Why Do We Call It Good Friday?
I am betting the followers of Jesus didn’t see it that way. Just days before they had followed him through the streets to shouts of ‘Hosanna!’ A song of adoration, shouts of salvation echoed along the way as he rode a donkey – the sign of a king, the sign of a Messiah, the sign of a savior – into a Holy City under martial law. He was there to deliver them. Hopes were high. Spirits soared.

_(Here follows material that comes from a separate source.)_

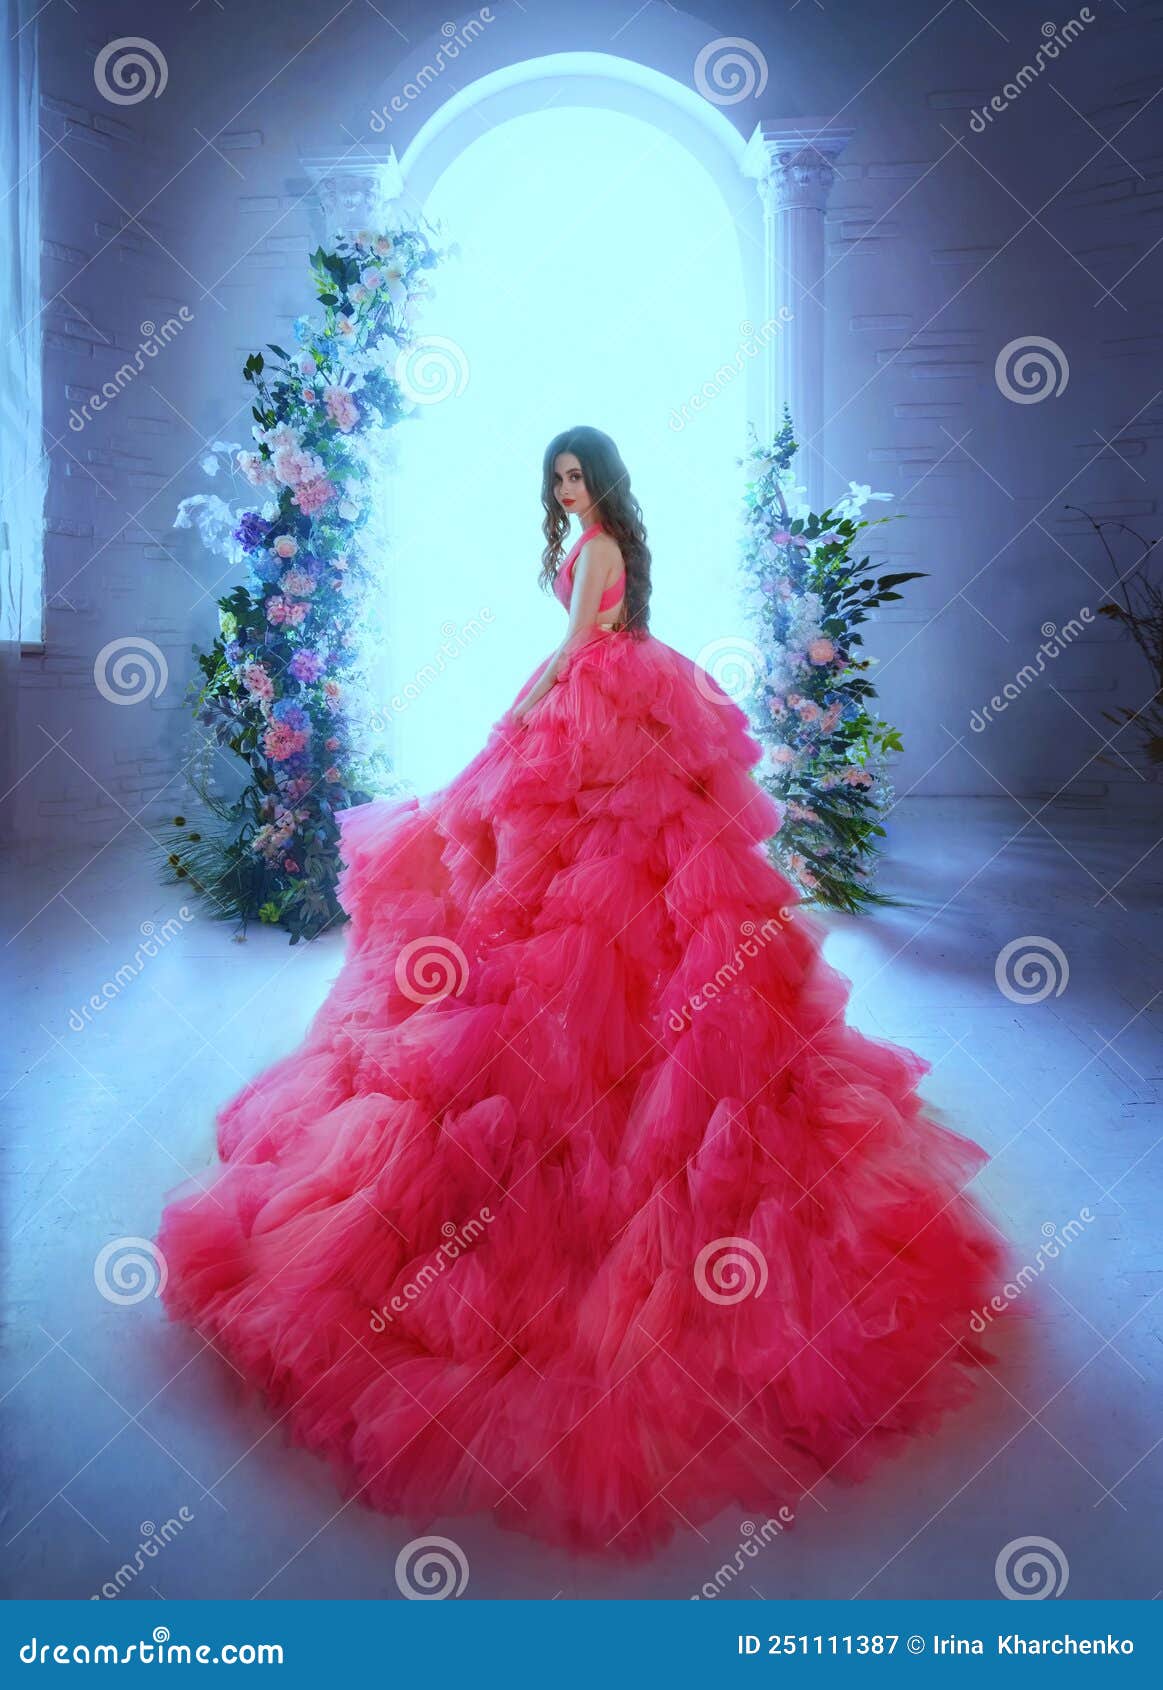 Full Length Portrait Girl Wearing Long Red Silk Gown Standing Stock Photo  by ©faestock 298887234

But today… Today he hangs alone on a cross of crucifixion. The shouts today are angry, hard, taunting. “Savior, come down and save yourself.” There is a new sign, a new symbol in this cross of crucifixion; it is the death of an outsider, a traitor, an imposter who would be king. All hope has been dashed to the ground. Blood streams from his head bearing a thorned crown, from his back bearing the stripes of sin, from his hands where God has tattooed us onto his palms, from his feet that have walked both dirty roads and heavenly places. He bleeds on a foreigner’s wooden cross in anguish.
Why do we call it Good Friday?
The night before this Jesus had celebrated Passover with his closest friends. He broke the bread; he blessed the wine. Last night my neighbors gathered around a table to share their Passover meal, to sing their Passover songs and to say their Passover prayers. The generations still gather to remember that God, in the darkness of night, can smear blood on the doorway and defeat the angel of death.
Eat your meal with your cloak and shoes on, ready to leave the table at any moment. It is night. But the morning is coming.